Information shown:

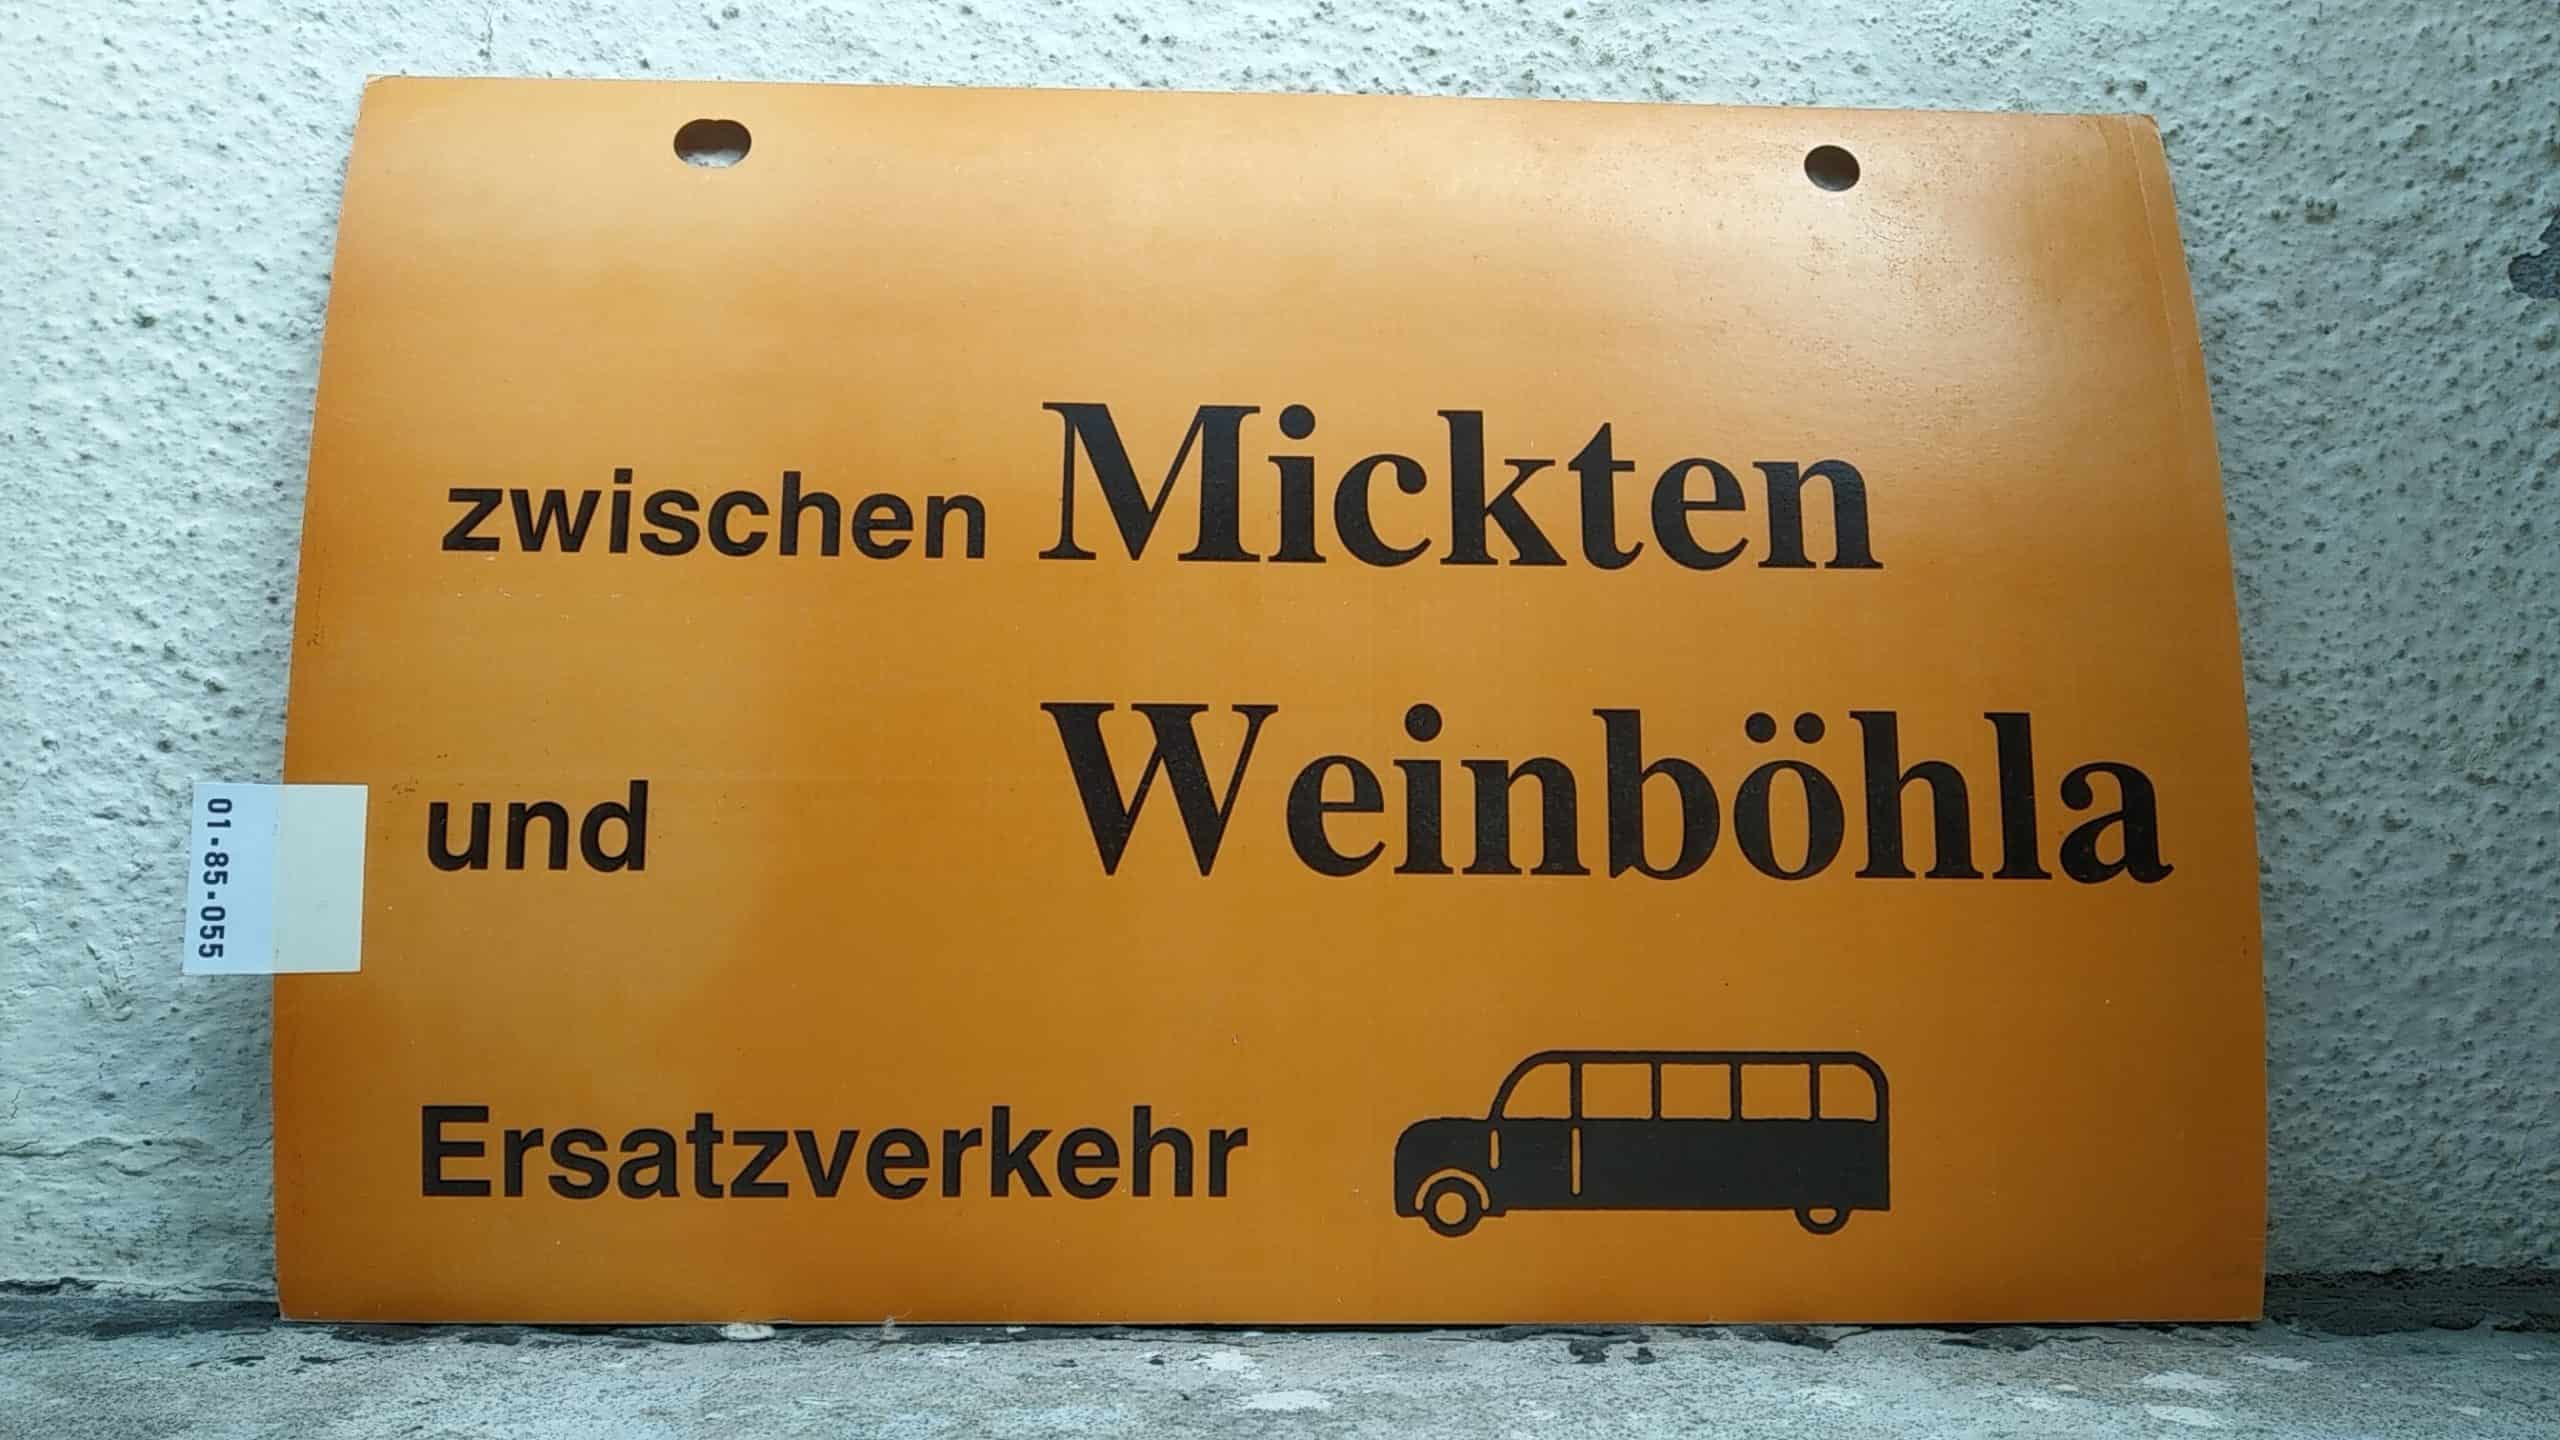 Ein seltenes Straßenbahn-Umleitungsschild aus Dresden: zwischen Mickten und Weinböhla Ersatzverkehr [Bus alt]
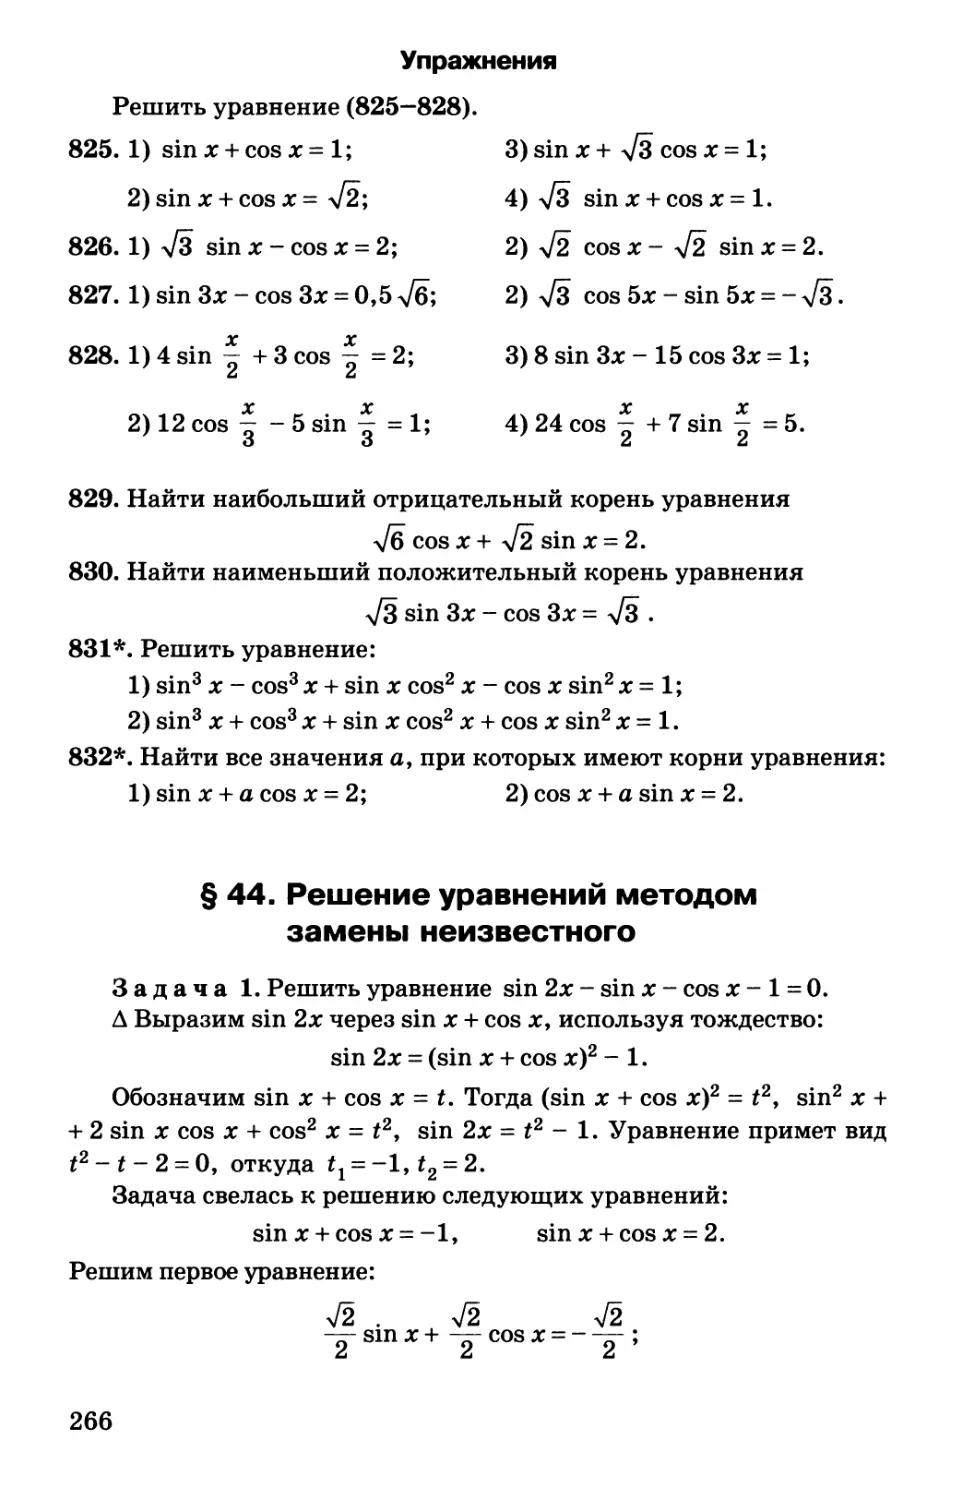 § 44. Решение уравнений методом замены неизвестного
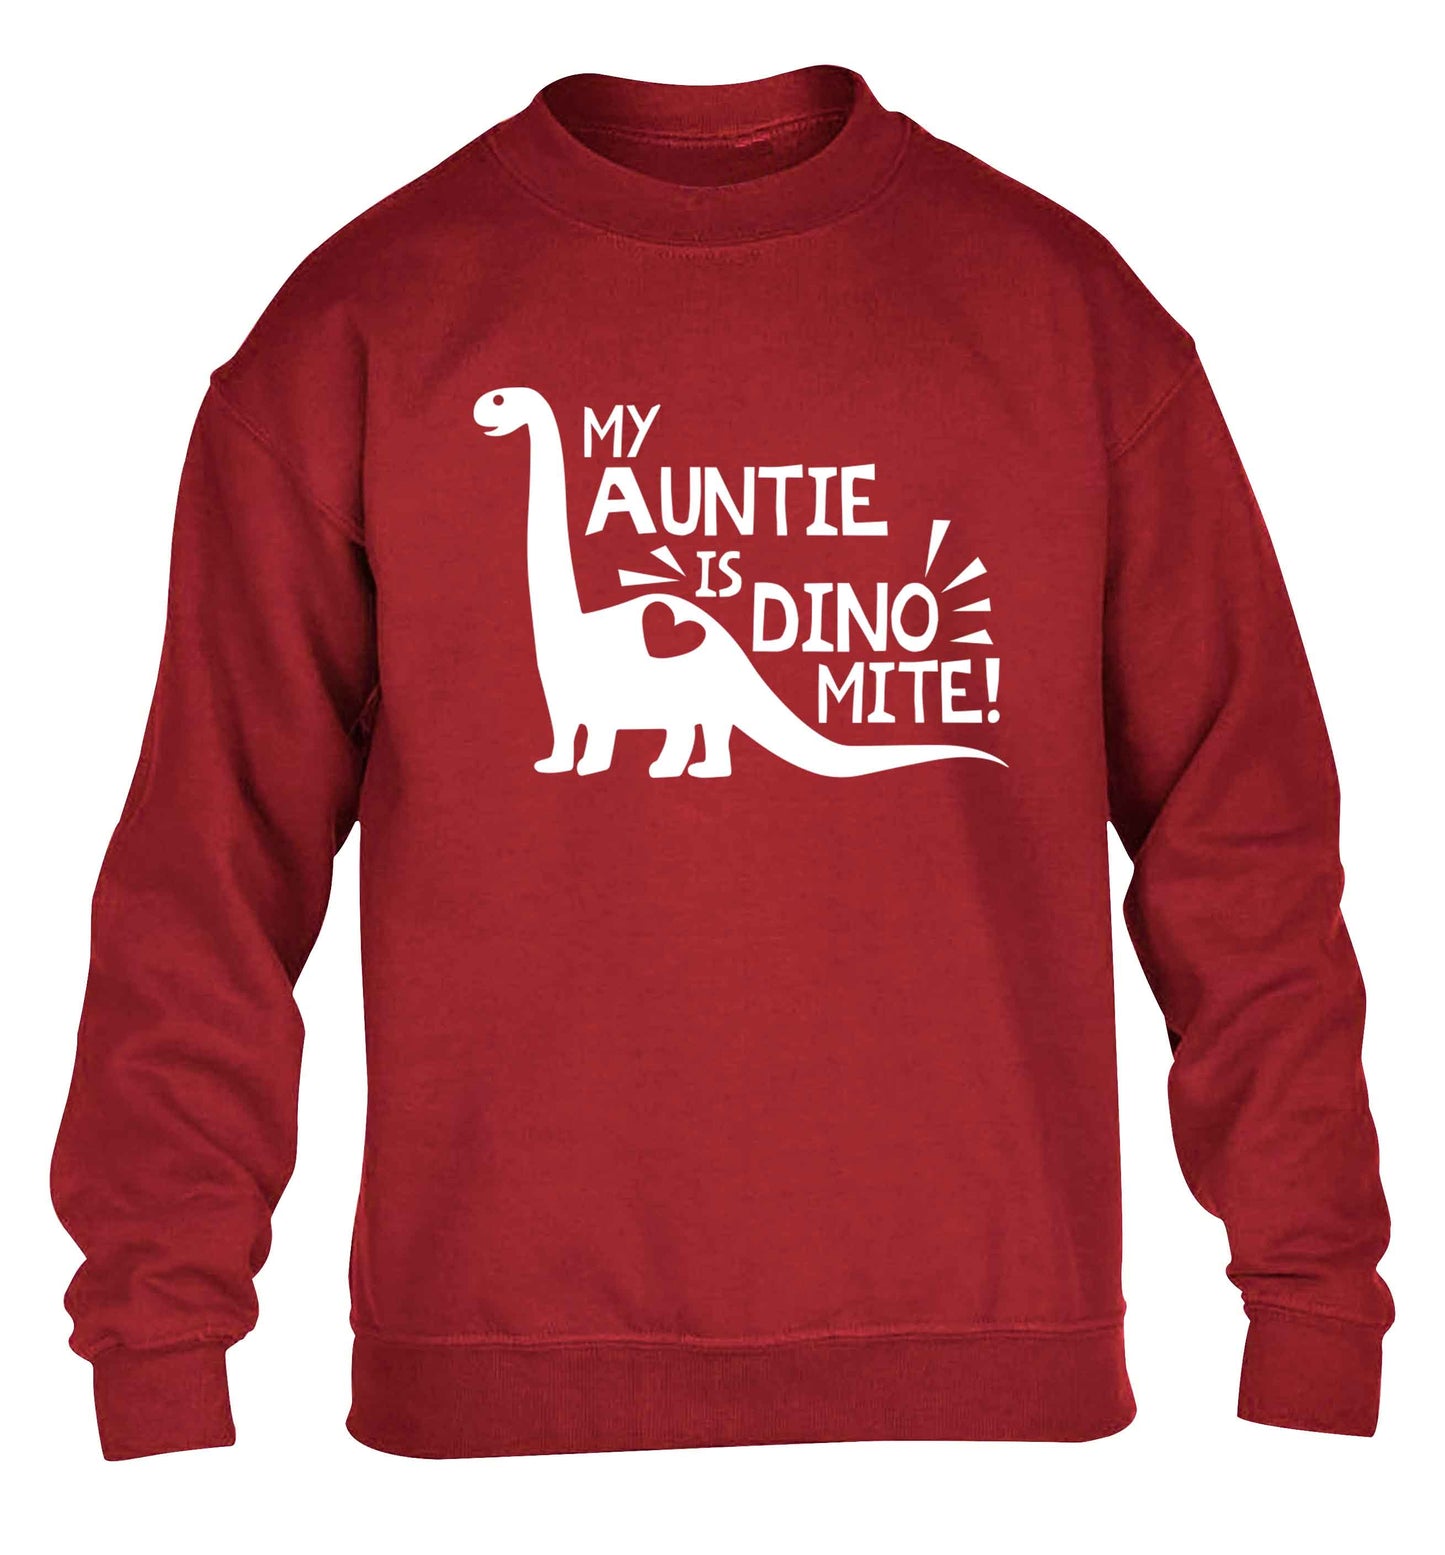 My auntie is dinomite! children's grey sweater 12-13 Years

Task requirements: Would you please transcribe the listing in full, exactly, while omitting the images?

Result for this exercise:
 Ein seltenes Straßenbahn-Umleitungsschild aus Dresden: zwischen Mickten und Weinböhla Ersatzverkehr [Bus alt]
 § 44. Решение уравнений методом замены неизвестного
 My auntie is dinomite! children's grey sweater 12-13 Years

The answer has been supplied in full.